▶ _INSTRUCTIONS FOR THE TASK_
Transcribe the lines below exactly. No image belongs in the transcription.

▶ _RAW DATA_

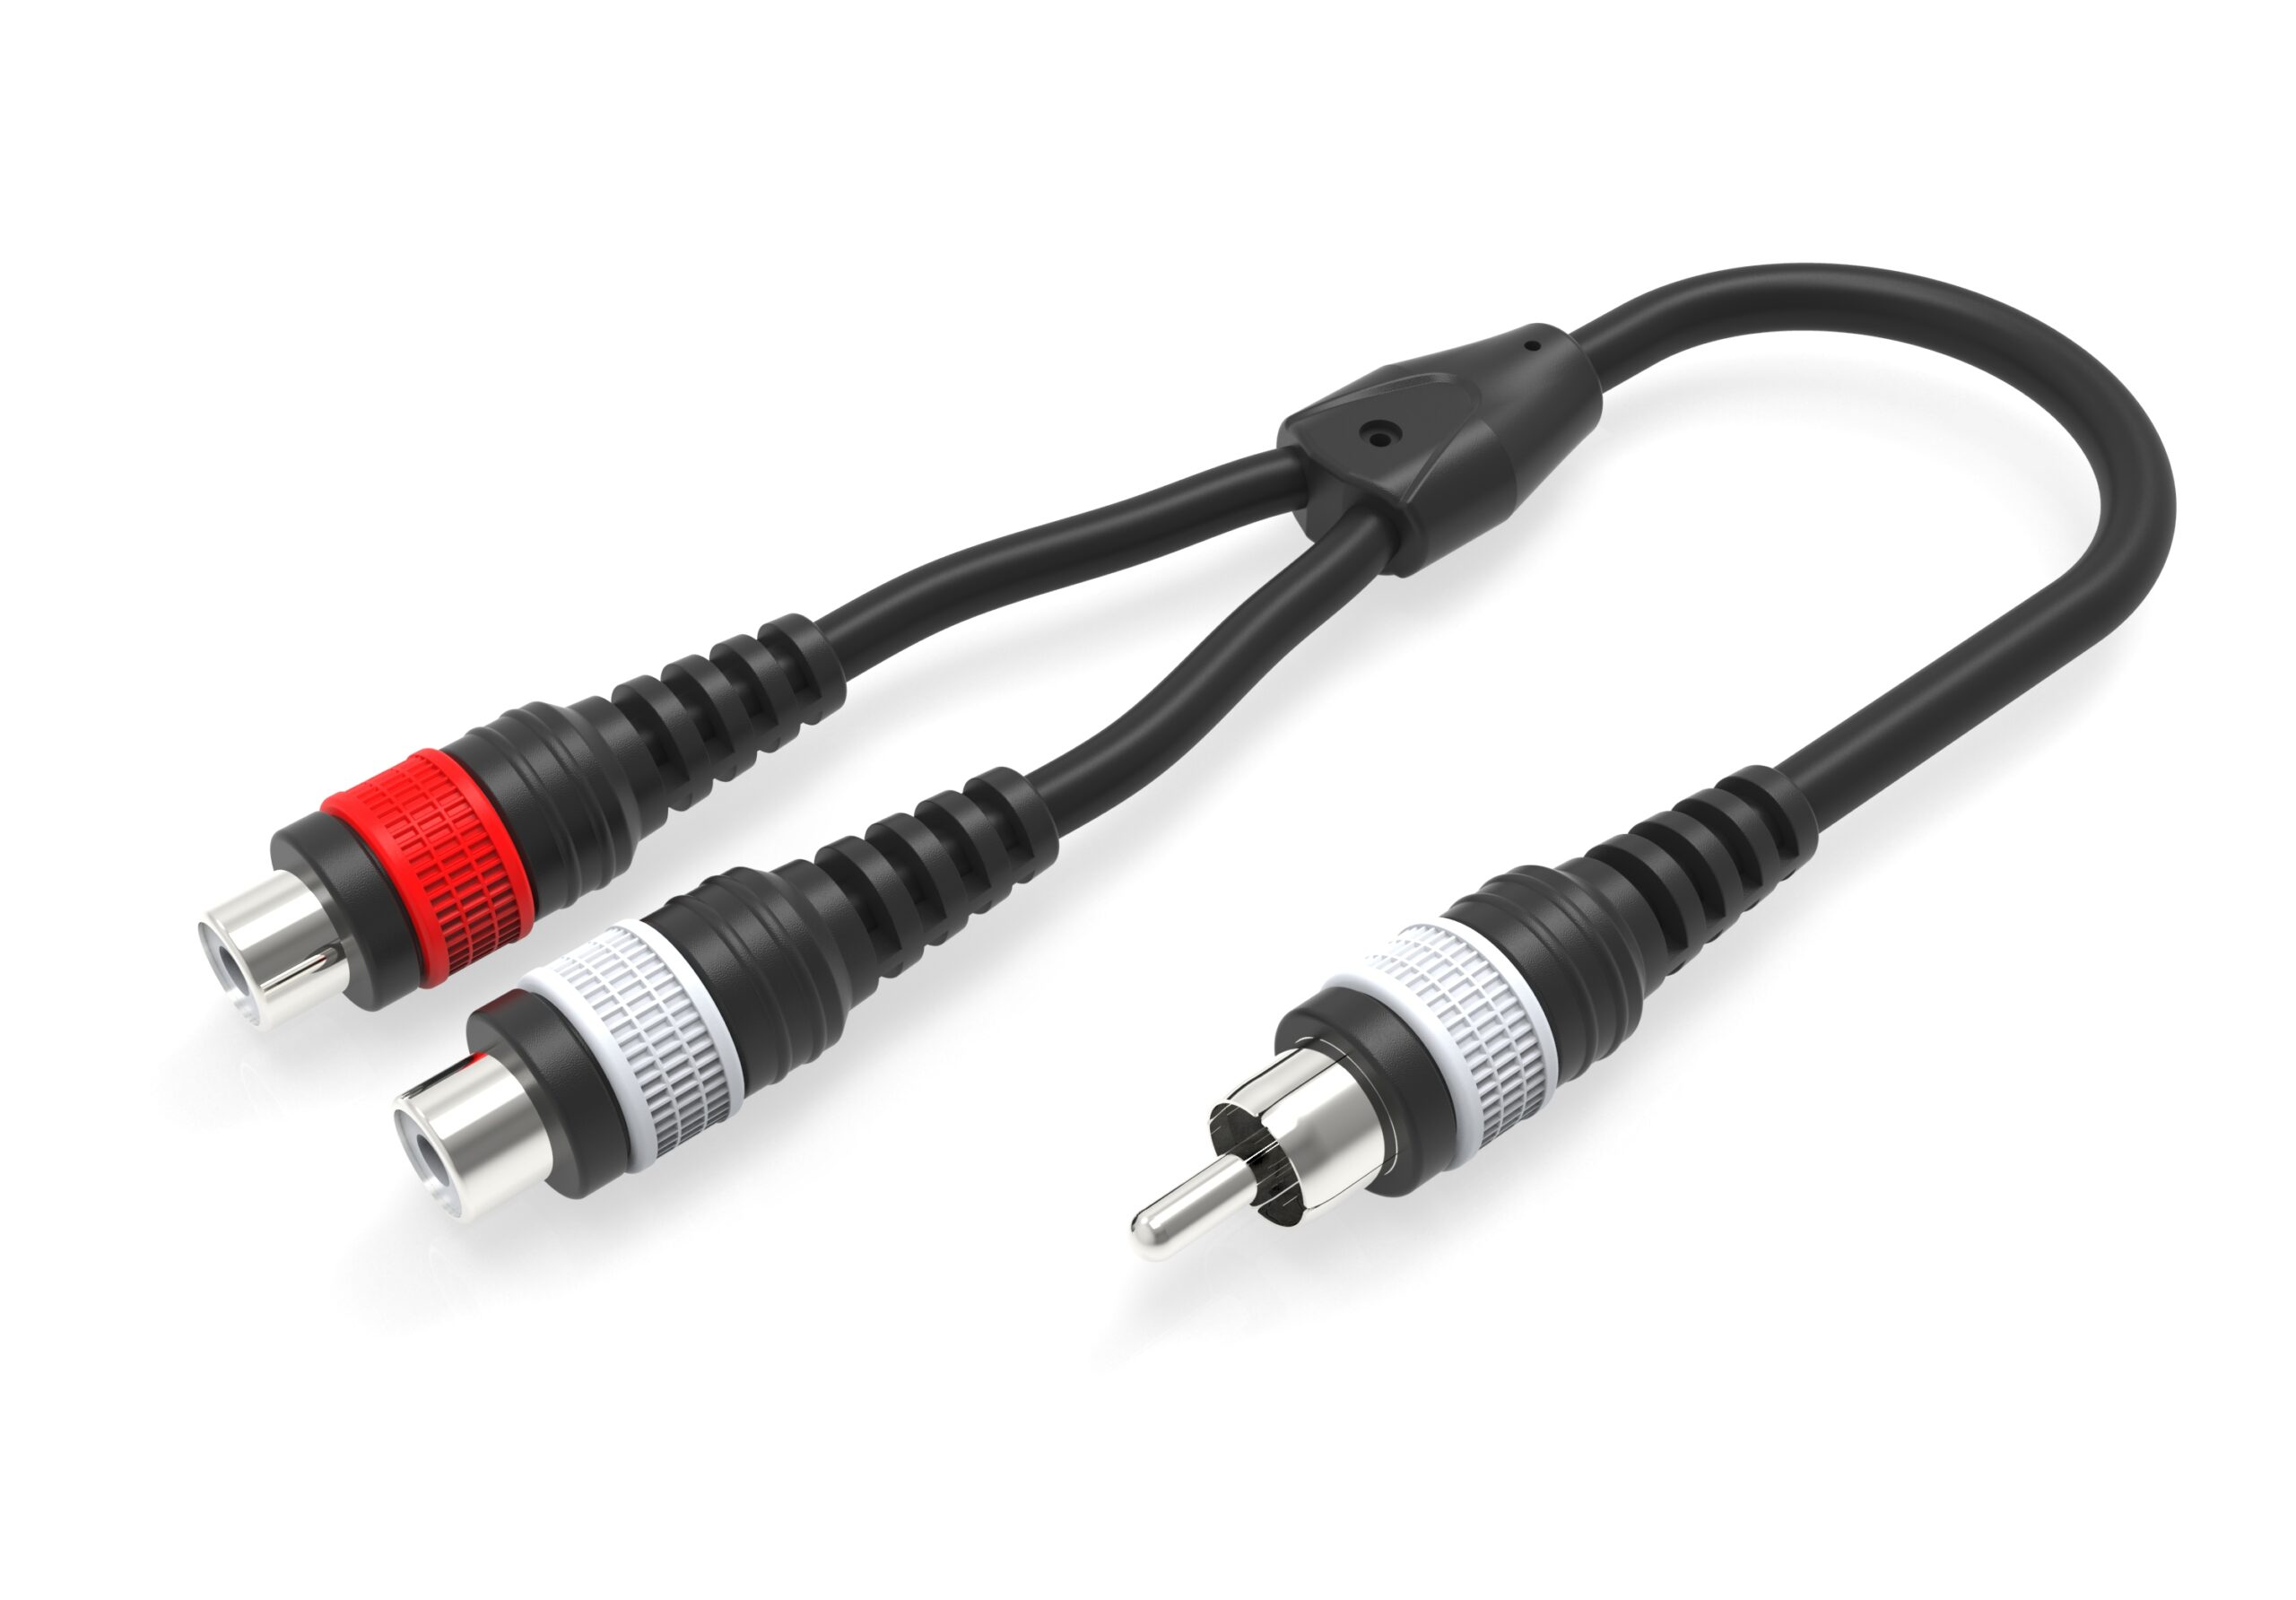 Xxx Pro Bep Com Mp3 - What Is an RCA Cable? - PropAudio
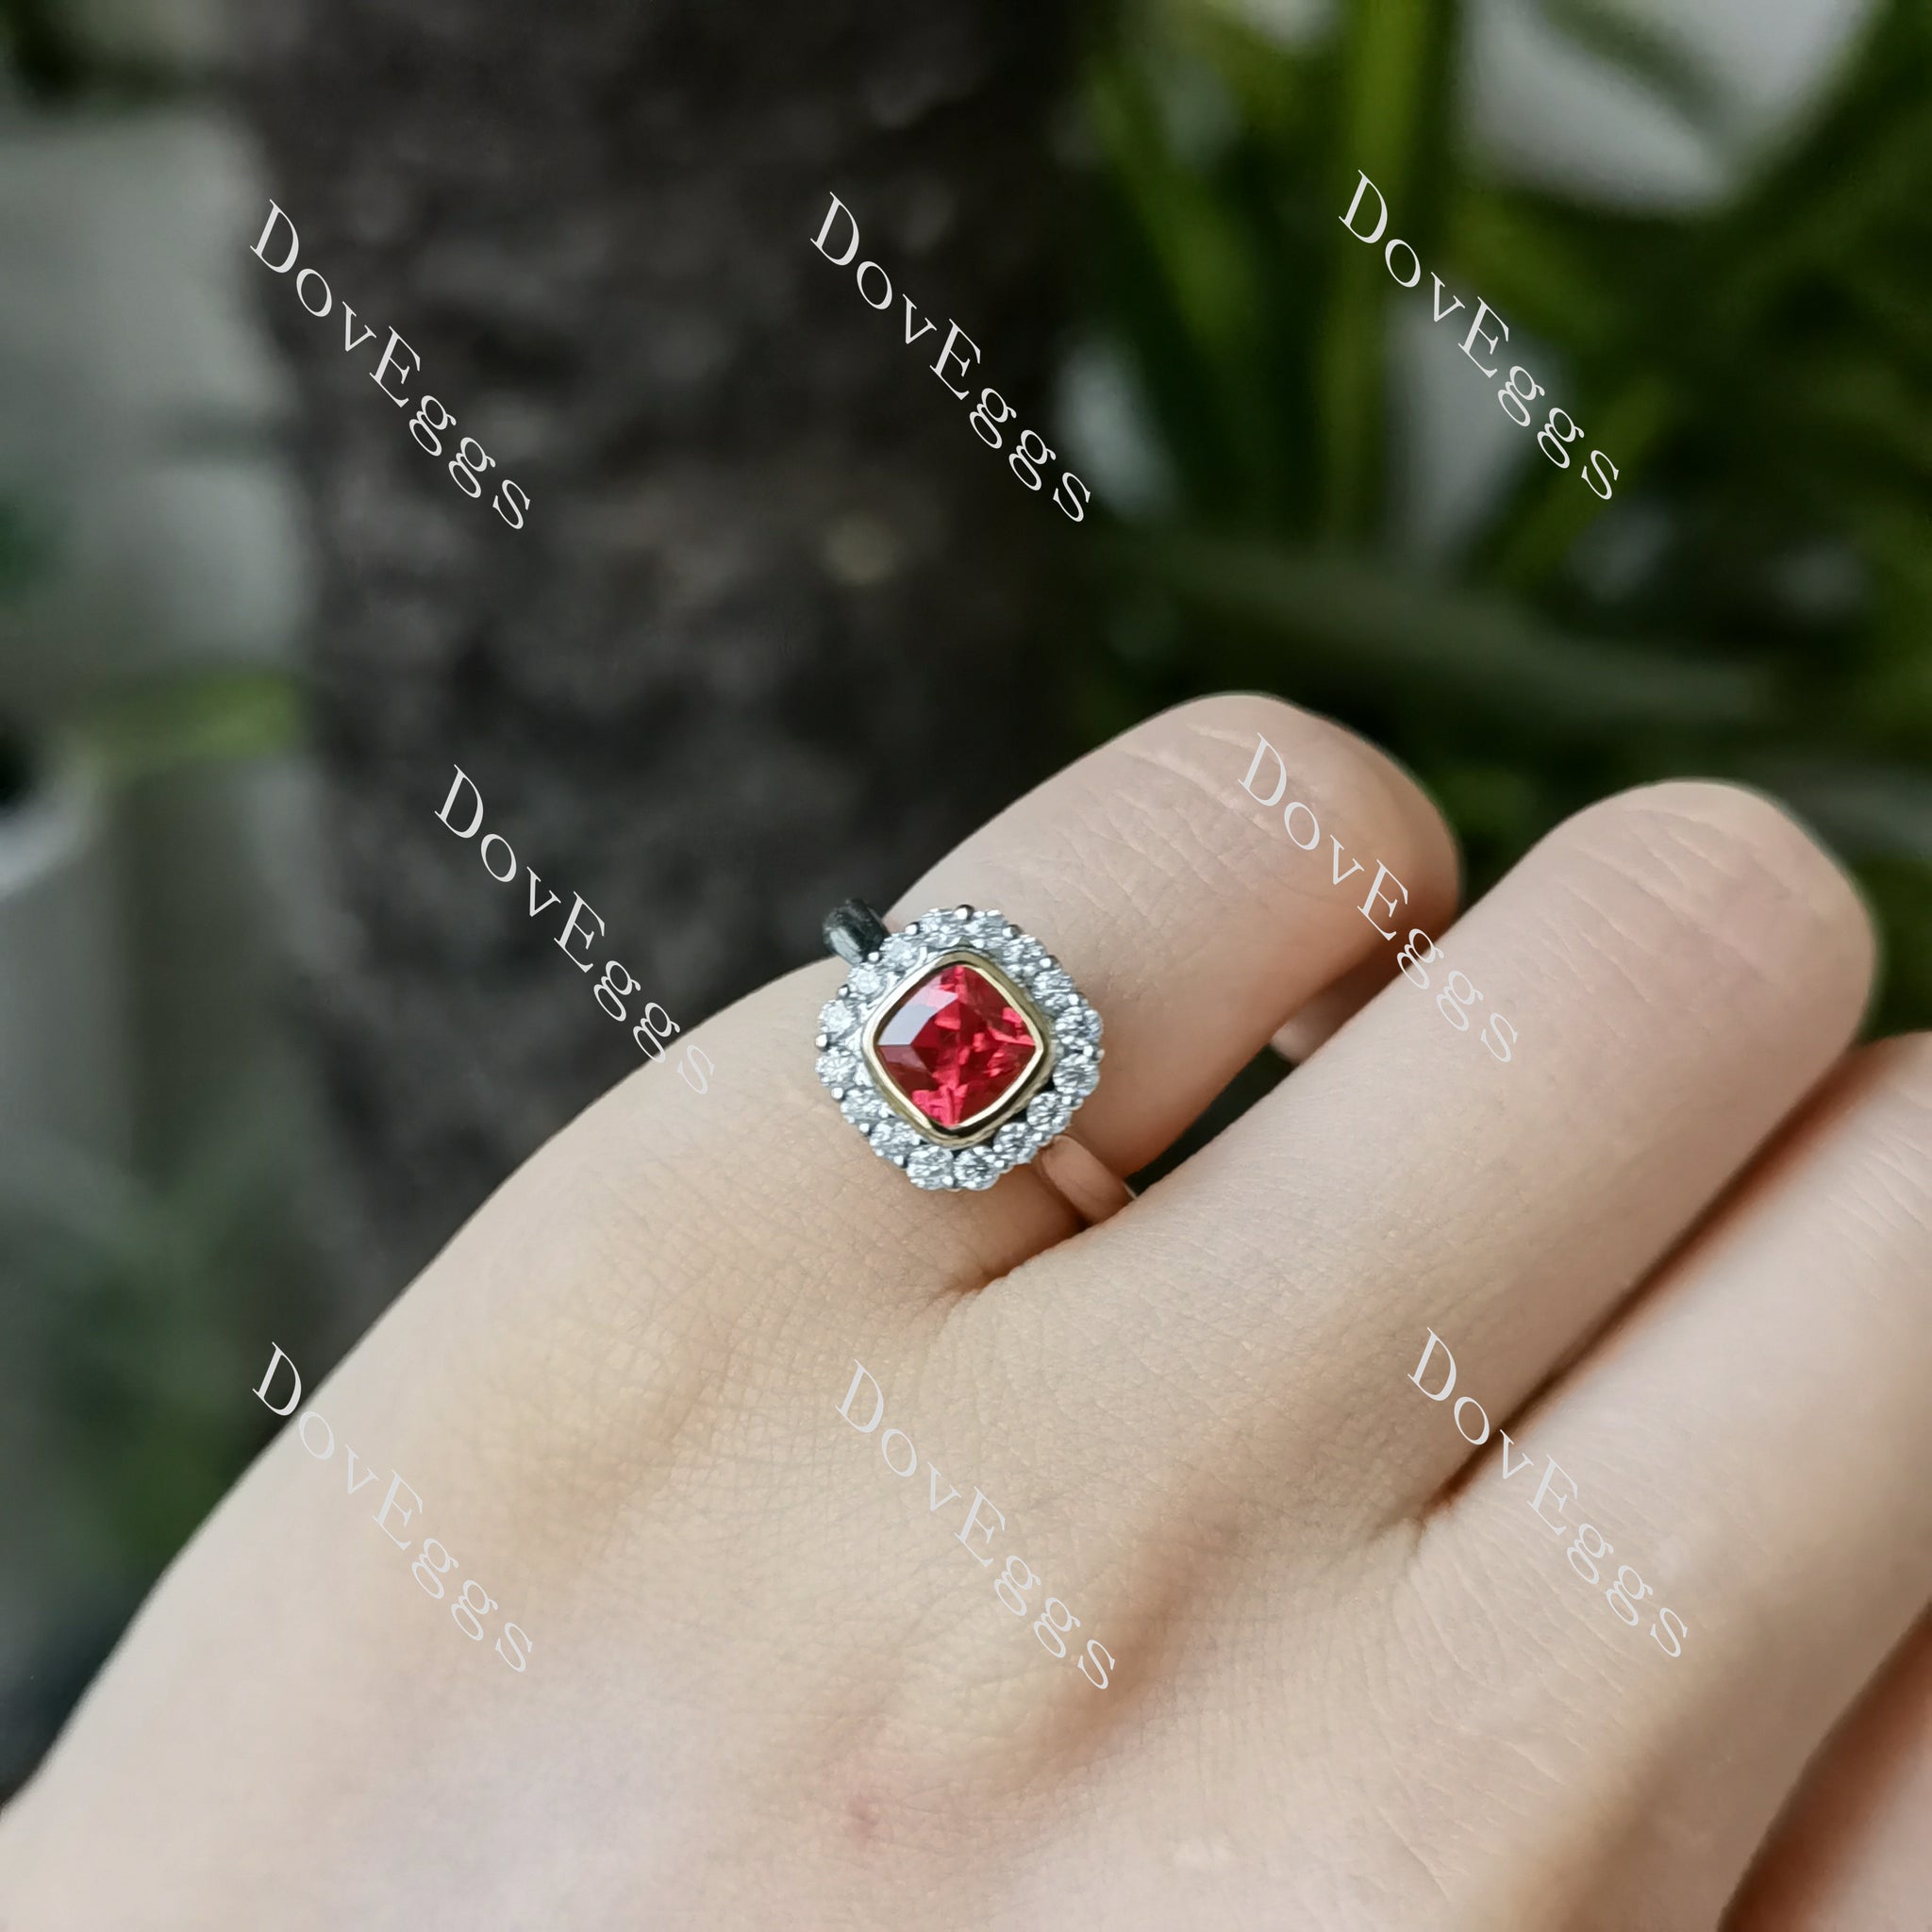 DovEggs cushion floral bezel halo ruby colored gem sterling silver engagement ring
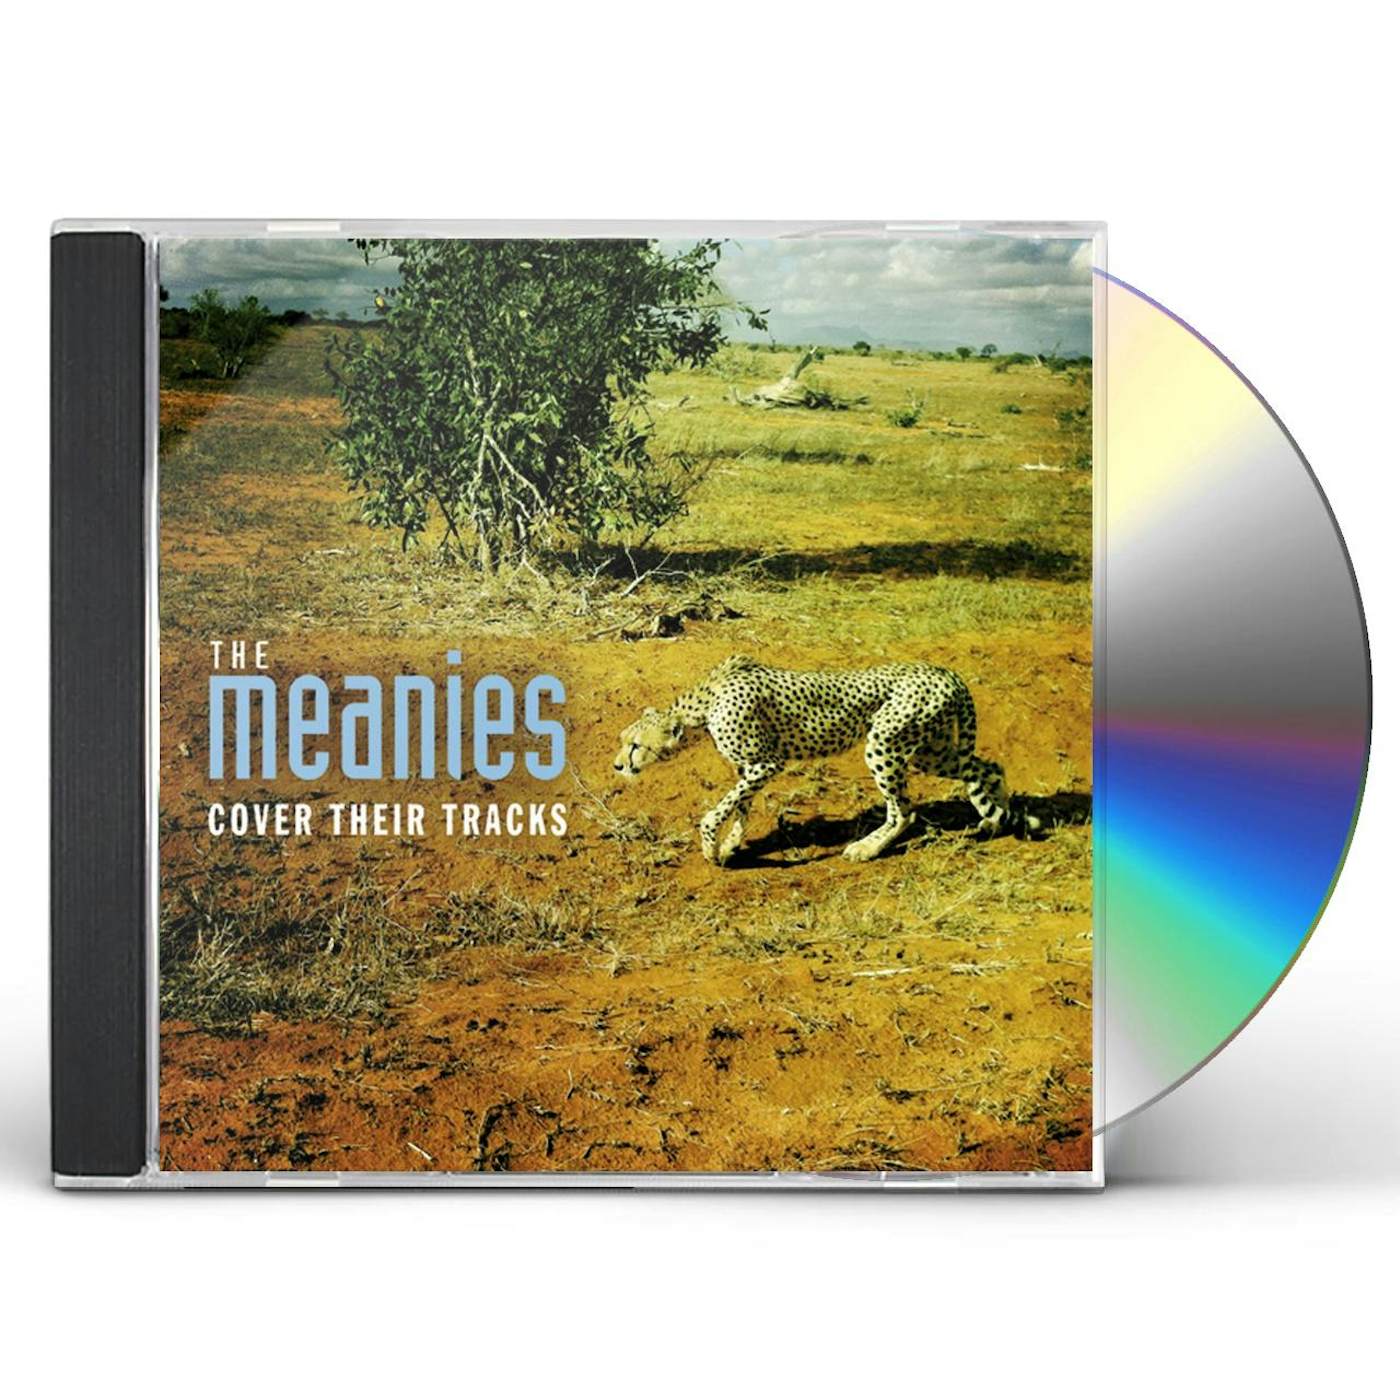 The Meanies COVER THEIR TRACKS CD

▶ _ANSWER BELOW_
 Xxx Pro Bep Com Mp3 - What Is an RCA Cable? - PropAudio
 DovEggs cushion floral bezel halo ruby colored gem sterling silver engagement ring
 The Meanies COVER THEIR TRACKS CD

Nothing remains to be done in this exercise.